Cogito, ergo sum. I think, therefore I am. (René Descartes, mathematician and philosopher,1599-1650)

Tuesday, 9 August 2022

pn926. Two polls, similar results but so what? Better to ask about specific party policies

1News-Kantar Poll, July-Ausust 2022
The latest 1News-Kantar  and Roy Morgan  polls show broadly similar results which strengthen the reliability of only one poll.   Both show National-ACT with just enough support to form the government —  a 5% point margin over Labour-Greens.   

But therafter it's all swings and roundabouts.
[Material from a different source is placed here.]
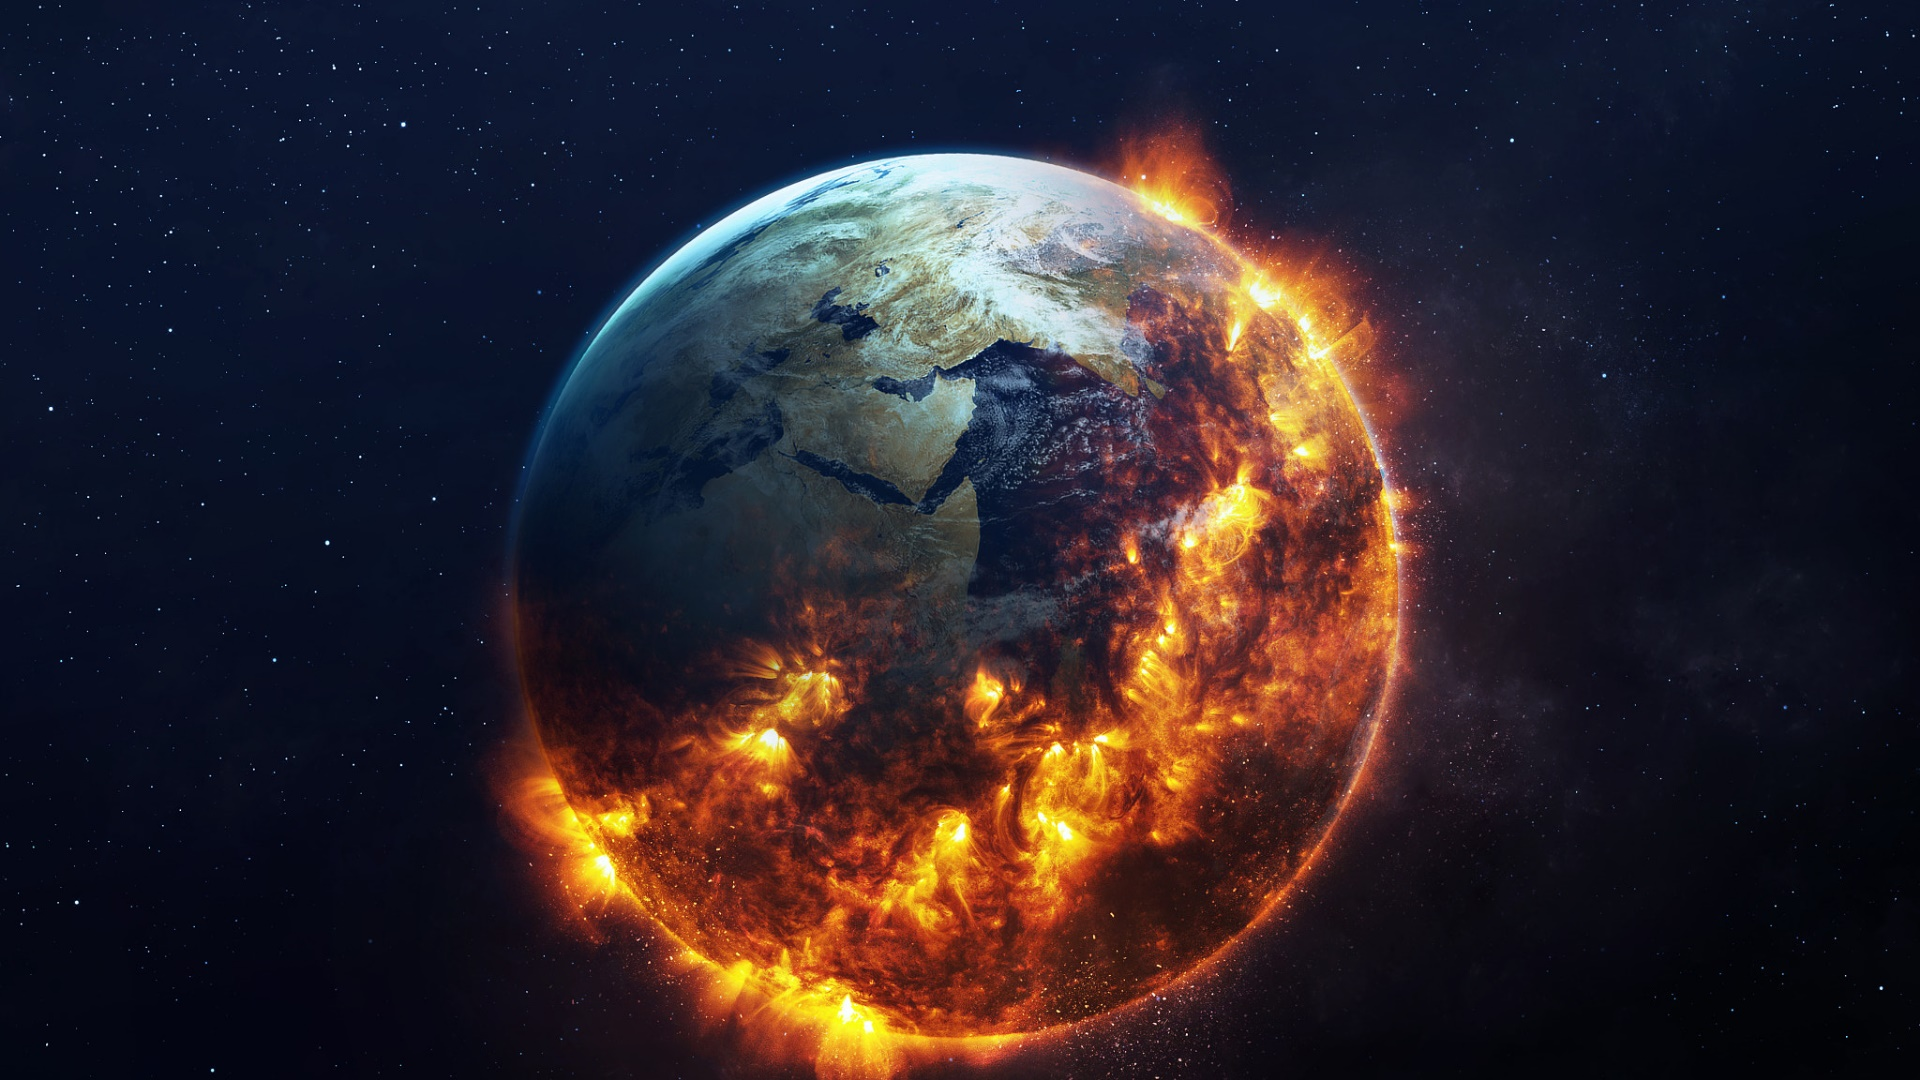 Apocalyptic Earth Hd Wallpaper Backiee Free Ultra Hd Wallpaper

National and the Greens are a little down in both polls, ACT is well up (plus 4%) in the Kantar poll and a little down in the Morgan poll, and Labour is down a little in the former and up 2% in the latter.     Over 10% of those polled did not know or refused to say who they would vote for.

Moreover, the preferred PM results seemed to contradict the preferred party results:  both Jacinda Ardern and Christopher Luxon were down 3% but Jacinda led with 30% to his 22%, and while ACT had 11% of party support and David Seymour was up 2% he was the preferred PM for only 5% of those polled.  

 The Kantar poll saw the 5% marginal gap between the party groupings widen slightly compared with its previous poll, but Labour had closed the gap slightly in the Morgan poll when the previous gap was 7%.

As noted several times on this blog, little is learnt from these political poll results, especially when elections are so far away.  Outside election years,  polls would be more useful if they asked the public for their opinions on specific government and party policies— or the odds in the next All Blacks-Springbok game!